The Horrible


The Horrible

Exodus 11:1–10

Warning of the Final Plague1

The Lord said to Moses, “I will bring one more plague upon Pharaoh and upon Egypt; afterwards he will let you go from here; indeed, when he lets you go, he will drive you away. Tell the people that every man is to ask his neighbor and every woman is to ask her neighbor for objects of silver and gold.” The Lord gave the people favor in the sight of the Egyptians. Moreover, Moses himself was a man of great importance in the land of Egypt, in the sight of Pharaoh’s officials and in the sight of the people.

Moses said, “Thus says the Lord: About midnight I will go out through Egypt. Every firstborn in the land of Egypt shall die, from the firstborn of Pharaoh who sits on his throne to the firstborn of the female slave who is behind the handmill, and all the firstborn of the livestock. Then there will be a loud cry throughout the whole land of Egypt, such as has never been or will ever be again. But not a dog shall growl at any of the Israelites—not at people, not at animals—so that you may know that the Lord makes a distinction between Egypt and Israel. Then all these officials of yours shall come down to me, and bow low to me, saying, ‘Leave us, you and all the people who follow you.’ After that I will leave.” And in hot anger he left Pharaoh.

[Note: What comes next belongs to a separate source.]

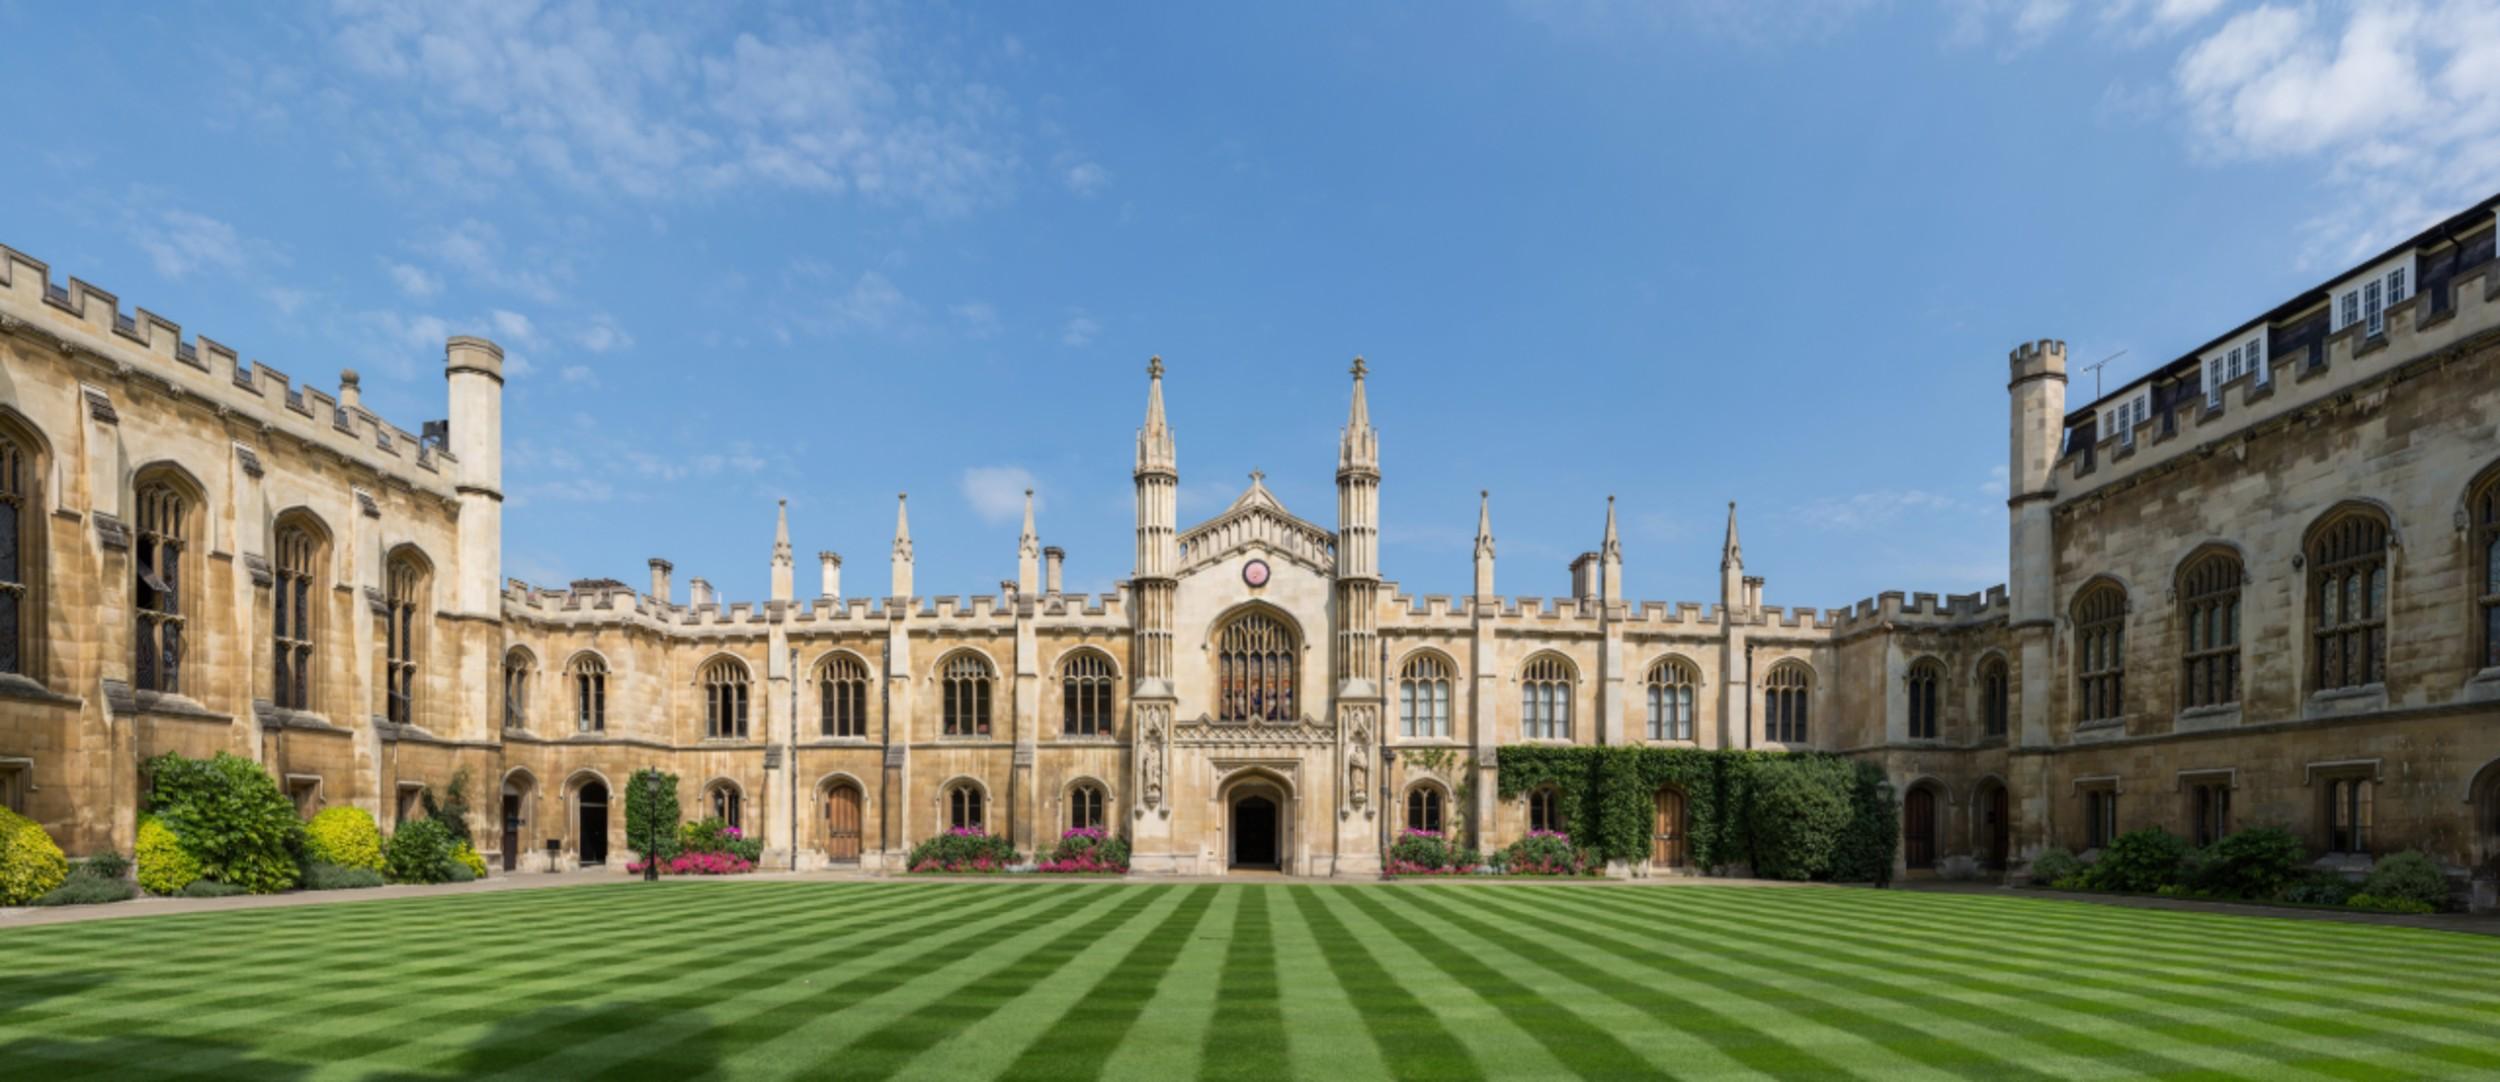 A picture of Photo credit- Diliff/ Wiki Commons. The prestigious Corpus Christi College.

The Lord said to Moses, “Pharaoh will not listen to you, in order that my wonders may be multiplied in the land of Egypt.” Moses and Aaron performed all these wonders before Pharaoh; but the Lord hardened Pharaoh’s heart, and he did not let the people of Israel go out of his land.

Matthew 23:29–36

“Woe to you, scribes and Pharisees, hypocrites! For you build the tombs of the prophets and decorate the graves of the righteous, and you say, ‘If we had lived in the days of our ancestors, we would not have taken part with them in shedding the blood of the prophets.’ Thus you testify against yourselves that you are descendants of those who murdered the prophets. Fill up, then, the measure of your ancestors. You snakes, you brood of vipers! How can you escape being sentenced to hell? Therefore I send you prophets, sages, and scribes, some of whom you will kill and crucify, and some you will flog in your synagogues and pursue from town to town, so that upon you may come all the righteous blood shed on earth, from the blood of righteous Abel to the blood of Zechariah son of Barachiah, whom you murdered between the sanctuary and the altar. Truly I tell you, all this will come upon this generation.”

God has always been in the business of separating the good from the bad. Our original sin was trying to take that job from Him.Tweet: God has always been in the business of separating the good from the bad. Our original sin was trying to take that job from Him.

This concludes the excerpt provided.